As shown in FIG. 2, one or more client devices 240 may be in communication with one or more servers 206a-206n (generally referred to herein as “server(s) 206”). In one embodiment, the computing environment 200 may include a network appliance installed between the server(s) 206 and client machine(s) 240. The network appliance may manage client/server connections, and in some cases can load balance client connections amongst a plurality of backend servers 206.

The client machine(s) 240 may in some embodiments be referred to as a single client machine 240 or a single group of client machines 240, while server(s) 206 may be referred to as a single server 206 or a single group of servers 206. In one embodiment a single client machine 240 communicates with more than one server 206, while in another embodiment a single server 206 communicates with more than one client machine 240. In yet another embodiment, a single client machine 240 communicates with a single server 206.

A client machine 240 can, in some embodiments, be referenced by any one of the following non-exhaustive terms: client machine(s); client(s); client computer(s); client device(s); client computing device(s); local machine; remote machine; client node(s); endpoint(s); or endpoint node(s). The server 206, in some embodiments, may be referenced by any one of the following non-exhaustive terms: server(s), local machine; remote machine; server farm(s), or host computing device(s).

In one embodiment, the client machine 240 may be a virtual machine. The virtual machine may be any virtual machine, while in some embodiments the virtual machine may be any virtual machine managed by a Type 1 or Type 2 hypervisor, for example, a hypervisor developed by Citrix Systems, IBM, VMware, or any other hypervisor. In some aspects, the virtual machine may be managed by a hypervisor, while in other aspects the virtual machine may be managed by a hypervisor executing on a server 206 or a hypervisor executing on a client 240.
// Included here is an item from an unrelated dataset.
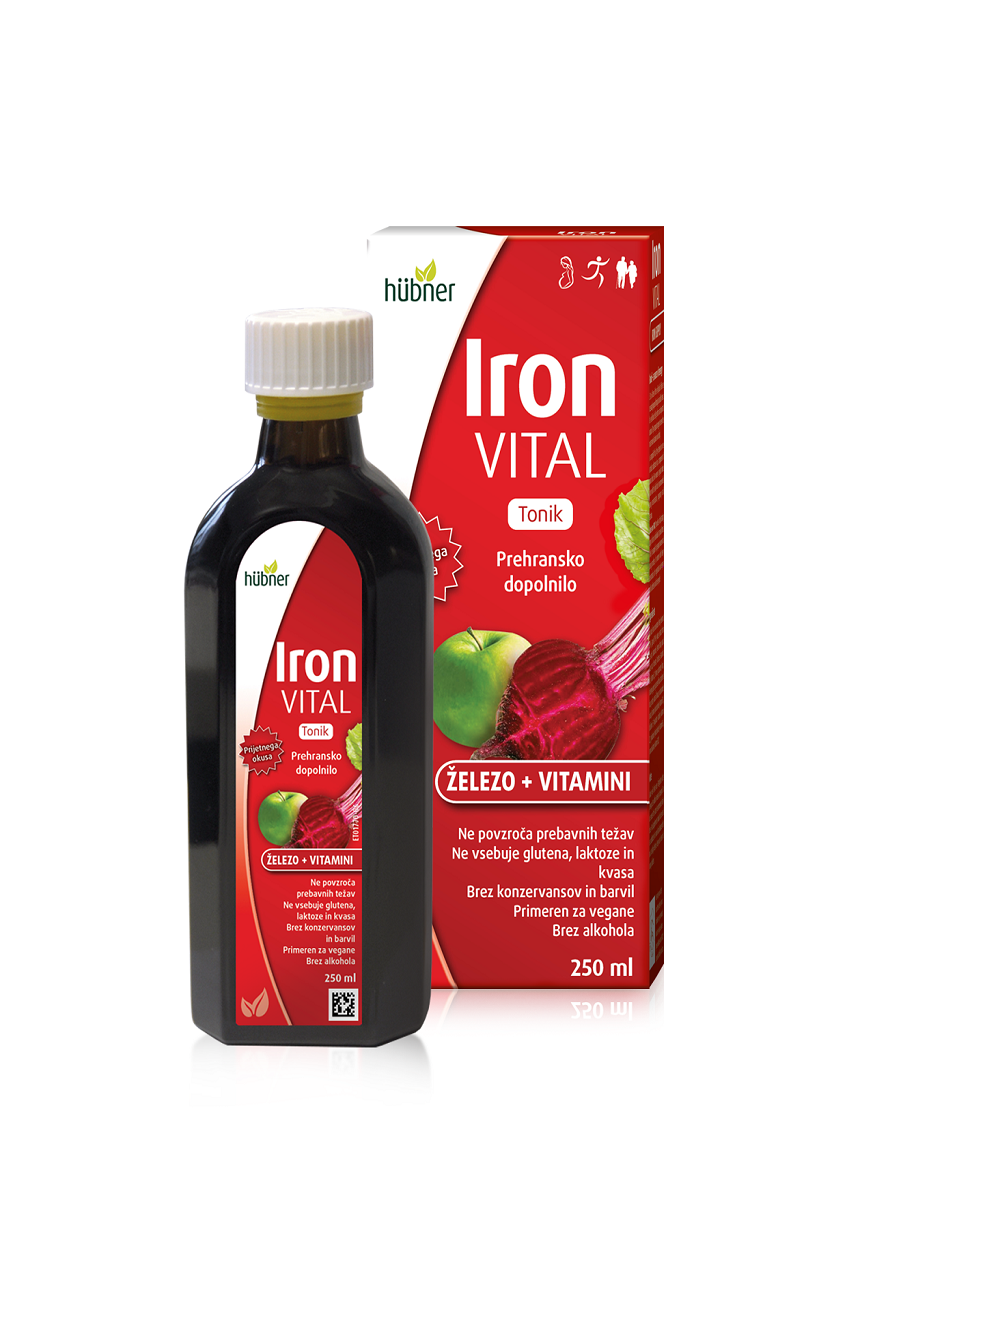 Iron Vital tonik z železom in vitamini, 250 ml

Some embodiments include a client device 240 that displays application output generated by an application remotely executing on a server 206 or other remotely located machine. In these embodiments, the client device 240 may execute a virtual machine receiver program or application to display the output in an application window, a browser, or other output window. In one example, the application is a desktop, while in other examples the application is an application that generates or presents a desktop. A desktop may include a graphical shell providing a user interface for an instance of an operating system in which local and/or remote applications can be integrated. Applications, as used herein, are programs that execute after an instance of an operating system (and, optionally, also the desktop) has been loaded.

A remote computing environment may include more than one server 206a-206n such that the servers 206a-206n are logically grouped together into a server farm 206, for example, in a cloud computing environment. The server farm 206 may include servers 206 that are geographically dispersed while logically grouped together, or servers 206 that are located proximate to each other while logically grouped together. Geographically dispersed servers 206a-206n within a server farm 206 can, in some embodiments, communicate using a WAN (wide), MAN (metropolitan), or LAN (local), where different geographic regions can be characterized as: different continents; different regions of a continent; different countries; different states; different cities; different campuses; different rooms; or any combination of the preceding geographical locations. In some embodiments the server farm 206 may be administered as a single entity, while in other embodiments the server farm 206 can include multiple server farms.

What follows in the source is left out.